Brumes d'entre-deux-tours

Confusion de droite et de gauche. Gaulliste de toujours, Henri Guaino s’abstiendra au second tour. Entre les successeurs du pétainisme et ceux d’un centrisme républicain, il refuse de choisir ; entre l’extrême droite et les autres partis, De Gaulle, lui, n’hésitait pas. Après toute une vie à gauche, Jean-Luc Mélenchon tergiverse, prétextant d’une consultation en ligne pourrester silencieux. Un de ses adjoints explique que la France se retrouve«entre extrême droite et extrême marché». Ce qui revient à mettre sur le même plan xénophobie et europhilie, comme deux maux équivalents. Confusion redoublée. Macron est social-libéral et non ultra-libéral, ce qui est différent. A supposer qu’il applique intégralement son programme, la France gardera en tout état de cause l’essentiel de son système de protection sociale et conservera son record européen de prélèvements obligatoires. Le contraire de l’ultra-libéralisme. A user des mots n’importe comment, on s’enfonce dans le brouillard. A moins qu’il ne s’agisse d’un choix stratégique : en remplaçant la division droite-gauche par l’opposition peuple-élites, on prépare des rapprochements contre nature. Toujours malin, Jean-Marie Le Pen a jugé «très digne» l’attitude de Jean-Luc Mélenchon. Florian Philippot affirme avec gourmandise que «beaucoup d’électeurs» de La France insoumise peuvent voter FN. Rouge ou rouge-brun ? Il arrive un moment ou il faut choisir sa couleur. Plus lucide, le Parti communiste, qui n’est pas tendre avec Macron, a su hiérarchiser ses adversaires. Un peu de bon sens…

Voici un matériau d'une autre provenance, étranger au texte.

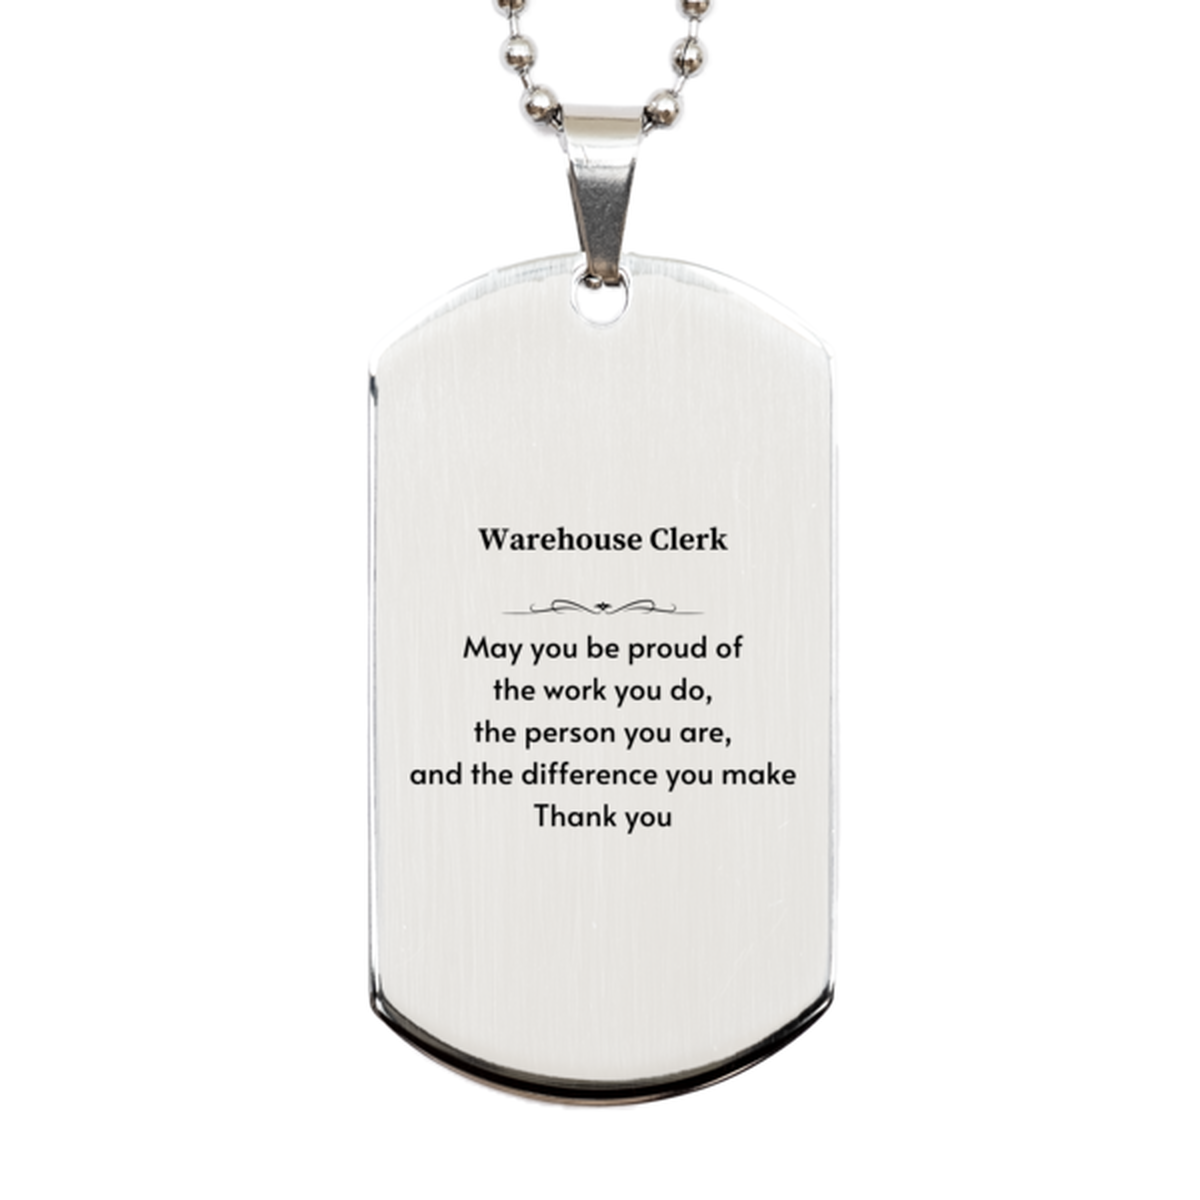 Heartwarming Silver Dog Tag Retirement Coworkers Gifts for Warehouse Clerk, Warehouse Clerk May You be proud of the work you do, the person you are Gifts for Boss Men Women Friends

Encore faut-il que Macron soit à la hauteur. La moitié de ses voix, le sondage de Libération le montre bien, vient d’électeurs qui n’adhèrent que très peu à son projet. Et pour faire une majorité dans le pays, il doit rallier des millions d’autres voix fort peu macroniennes. Il n’a qu’une solution : mettre l’accent sur ce qui peut unir les républicains de tous les partis. Entendre la colère populaire, moraliser la vie politique, respecter les équilibres sociaux, réformer l’Europe : sans ces garanties données aux Français contraints de voter pour lui, il court les plus grands risques. Il veut être le président de la République. Pas celui des bobos et des start-upers.

Et aussi

• Réalité négligée : le vote Macron n’a rien de définitif. Le leader d’En marche aura du mal à faire élire une majorité de députés dévoués à son programme. Selon qu’il s’appuiera plutôt sur la droite ou sur la gauche, sa politique ne sera pas la même. Il y a donc un troisième tour à cette élection. Le film ne s’arrête pas le 7 mai.

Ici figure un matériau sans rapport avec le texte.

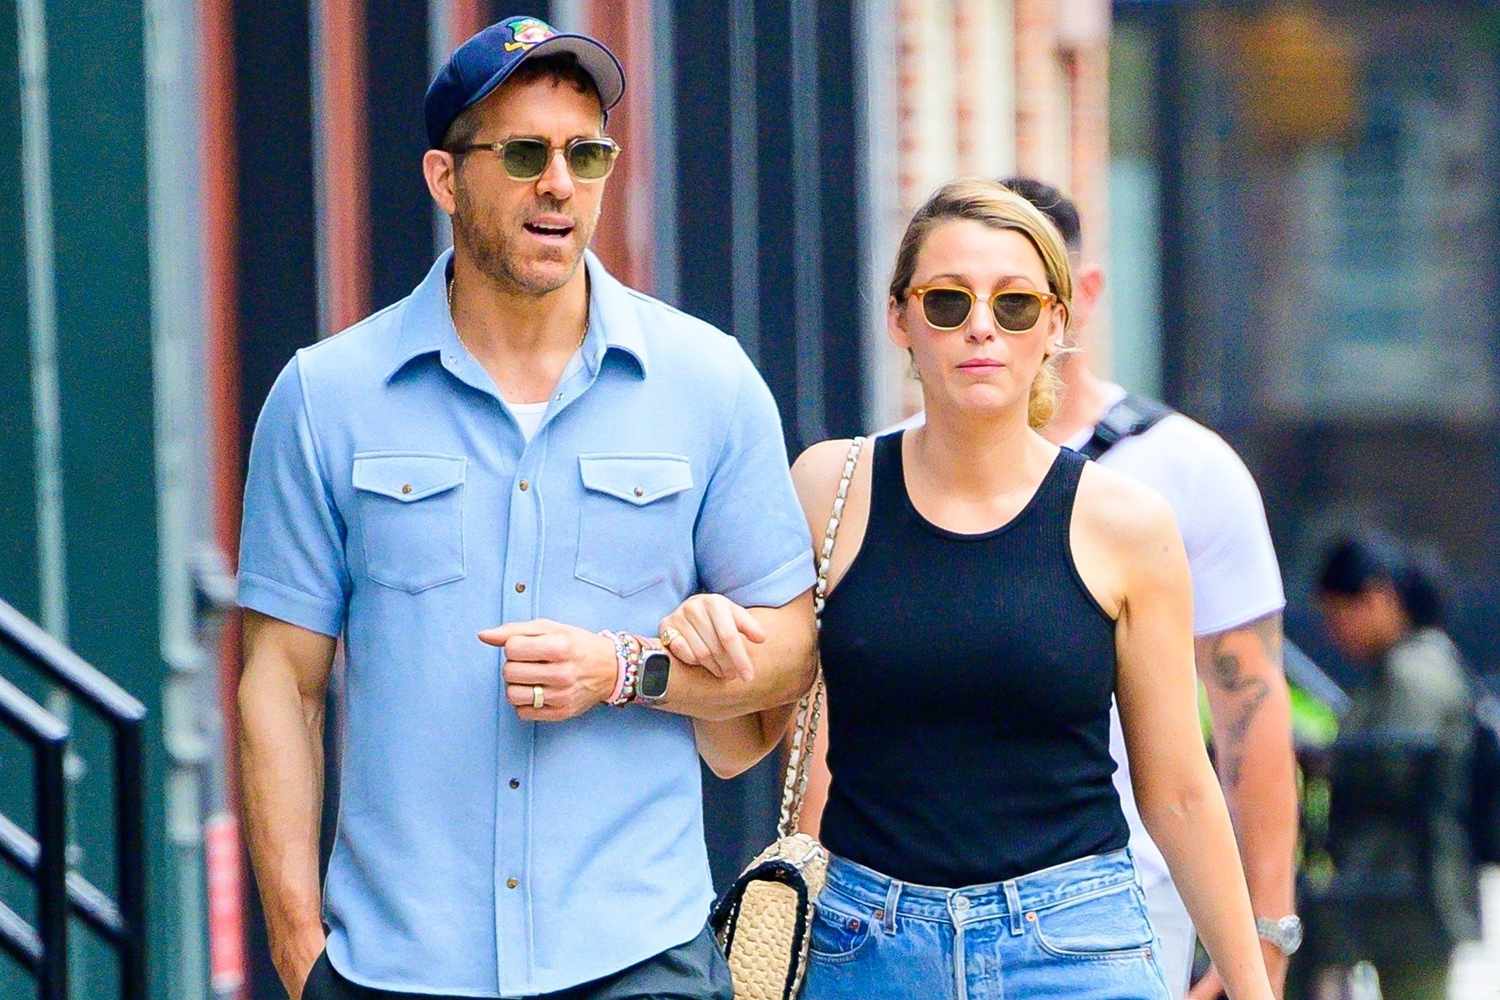 Blake Lively and Ryan Reynolds Take a Loved-Up Stroll in New York City: Photo

•Le PS a lancé son opération survie. Dans les brumes solfériniennes, une ligne semble apparaître : non-ralliement à En marche, autonomie. Les socialistes espèrent sauver les meubles aux législatives et peser ensuite à l’Assemblée. En remettant le vrai débat à plus tard : participer ou non à une majorité macronienne. Ou bien se tourner vers la gauche, sachant que Mélenchon, tout à son entreprise de destruction de la social-démocratie, exclut tout accord.

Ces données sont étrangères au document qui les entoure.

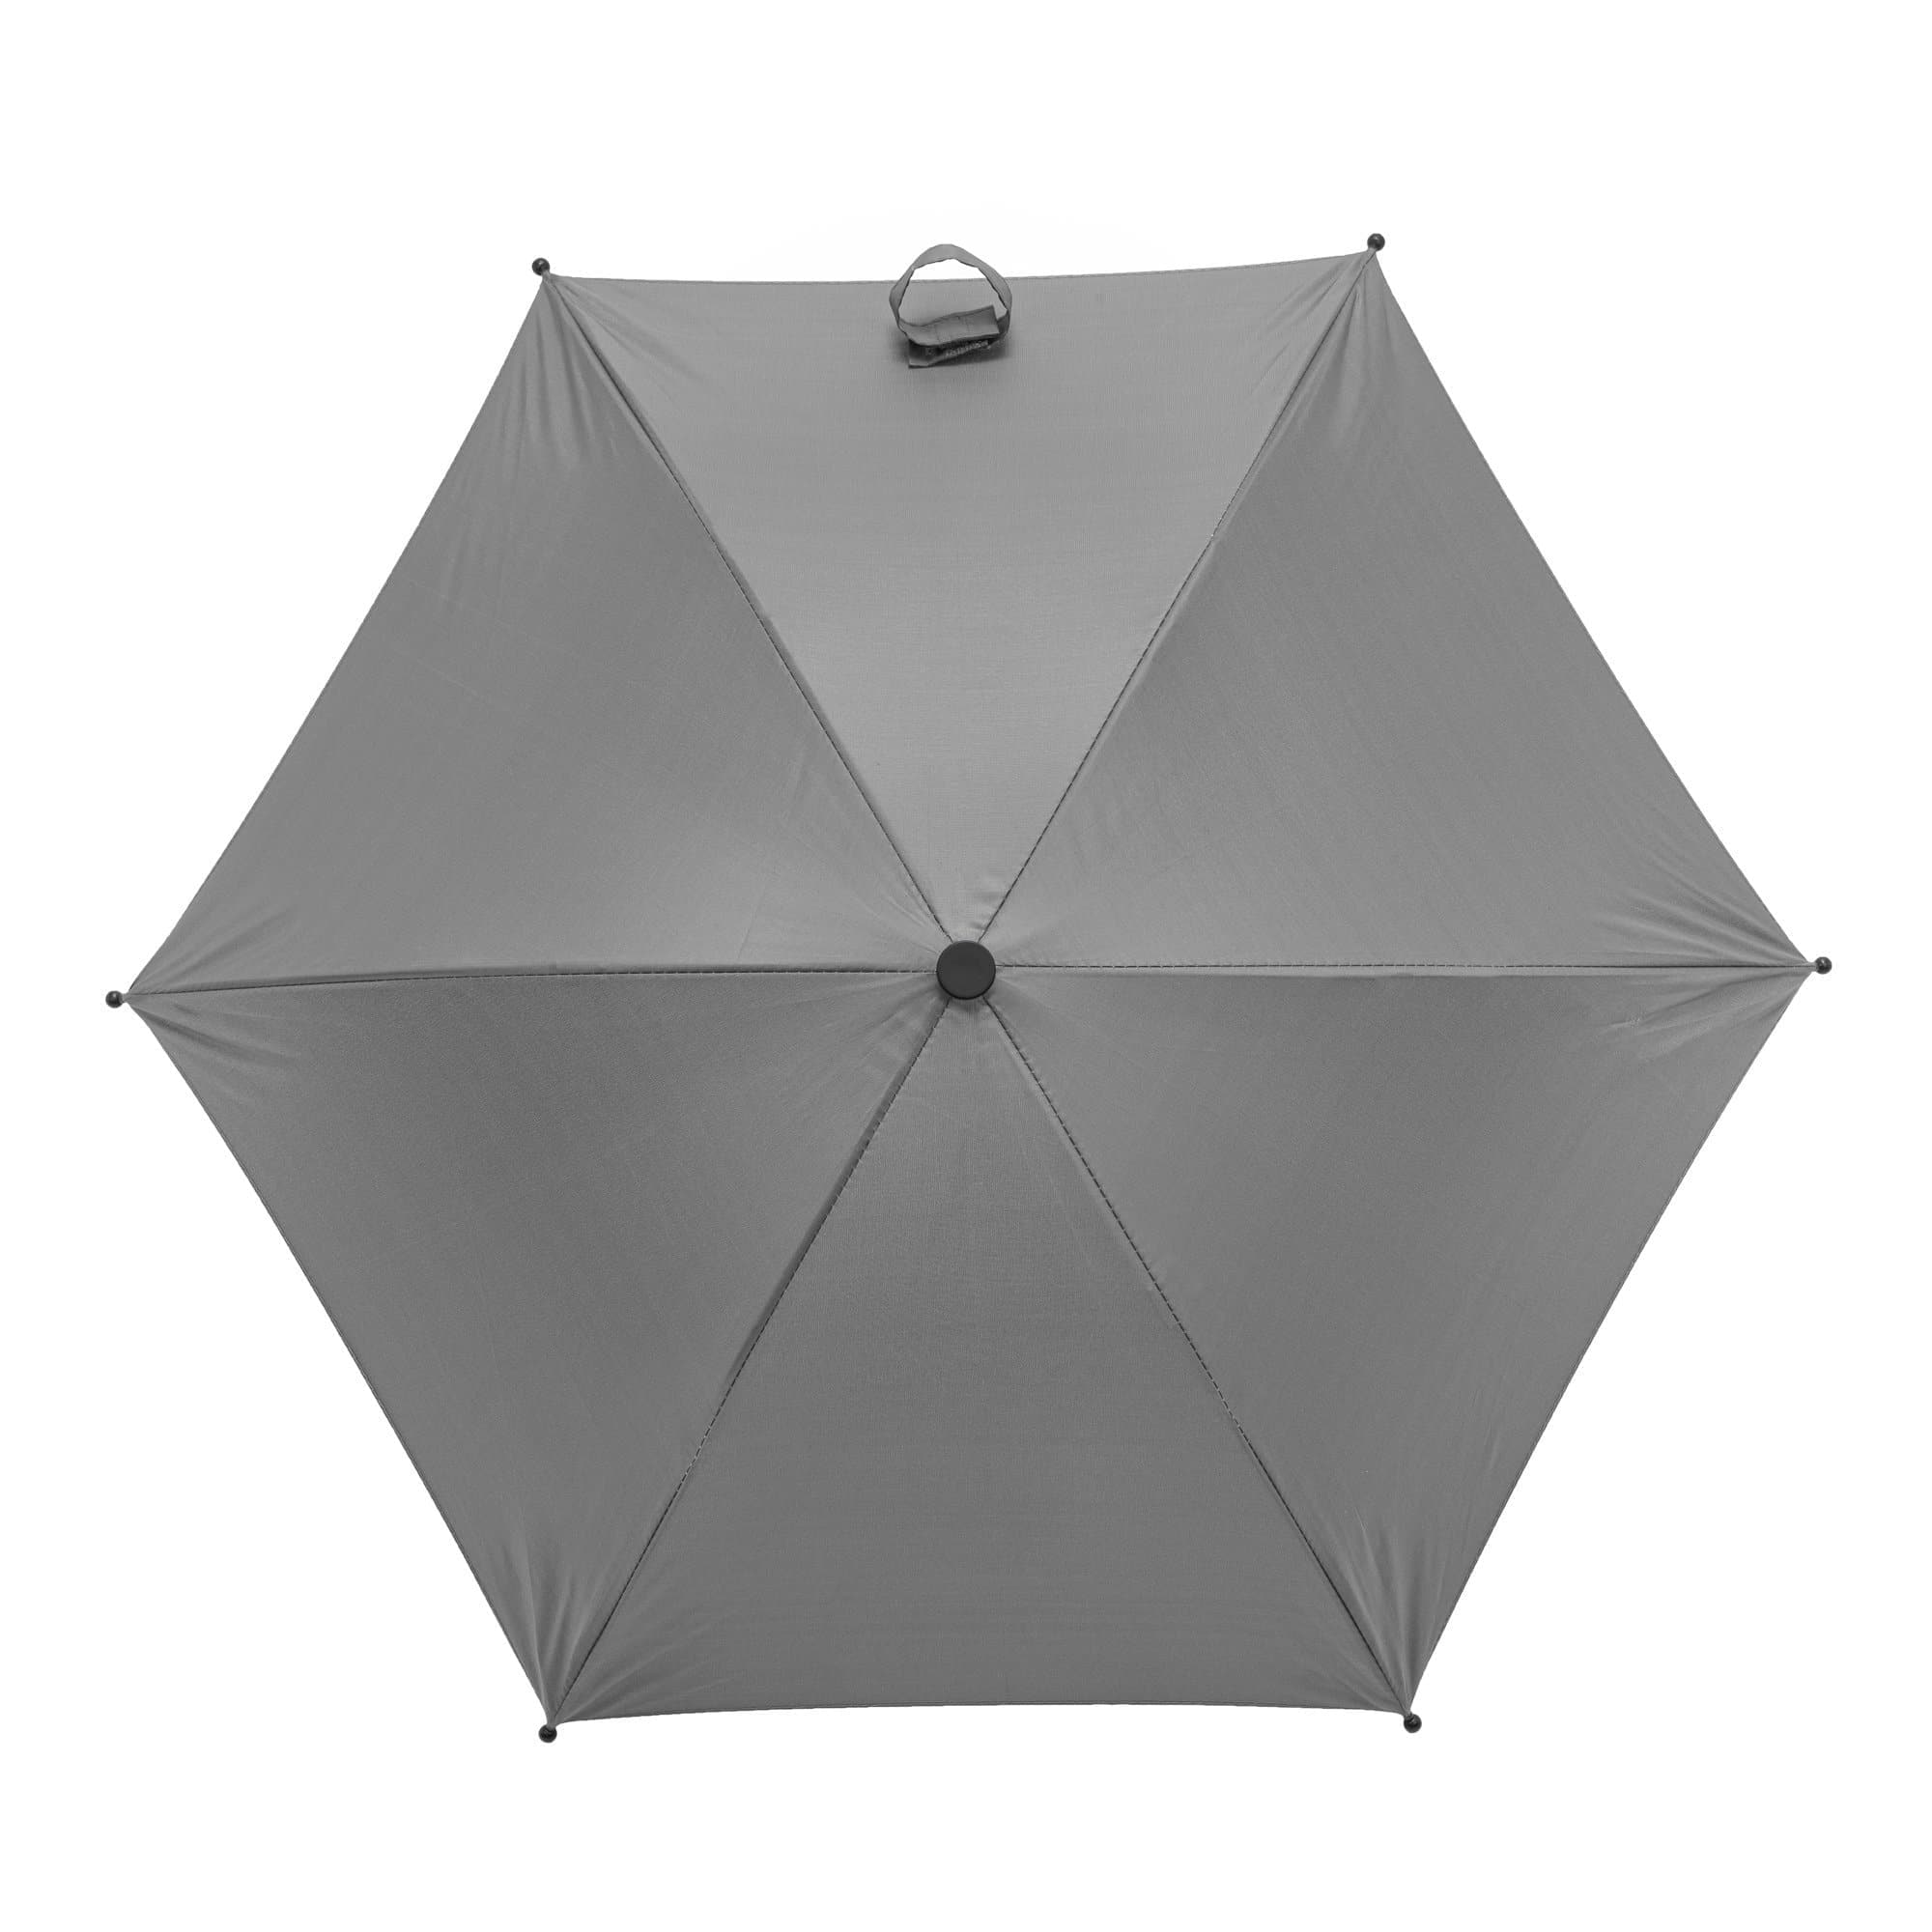 Baby Parasol Compatible With Excel - Fits All Models - For Your Little One

• La position de LR est correcte : non à Le Pen, en tout état de cause, assurer sa défaite (donc en votant Macron et non en s’abstenant). C’est mieux que le défunt «ni-ni» de Sarkozy. Reste à convaincre les électeurs, qui rechignent toujours à voter pour «Emmanuel Hollande».
• Un tiers des ouvriers environ ont voté Le Pen. C’est beaucoup. Mais on oublie toujours de voir l’avers de cette triste médaille : les deux tiers des ouvriers ne sont pas lepénistes. Une partie d’entre eux a d’ailleurs rejoint La France insoumise. Mélenchon est plus efficace que le PS dans les milieux populaires. Ce n’était pas le cas en 2012.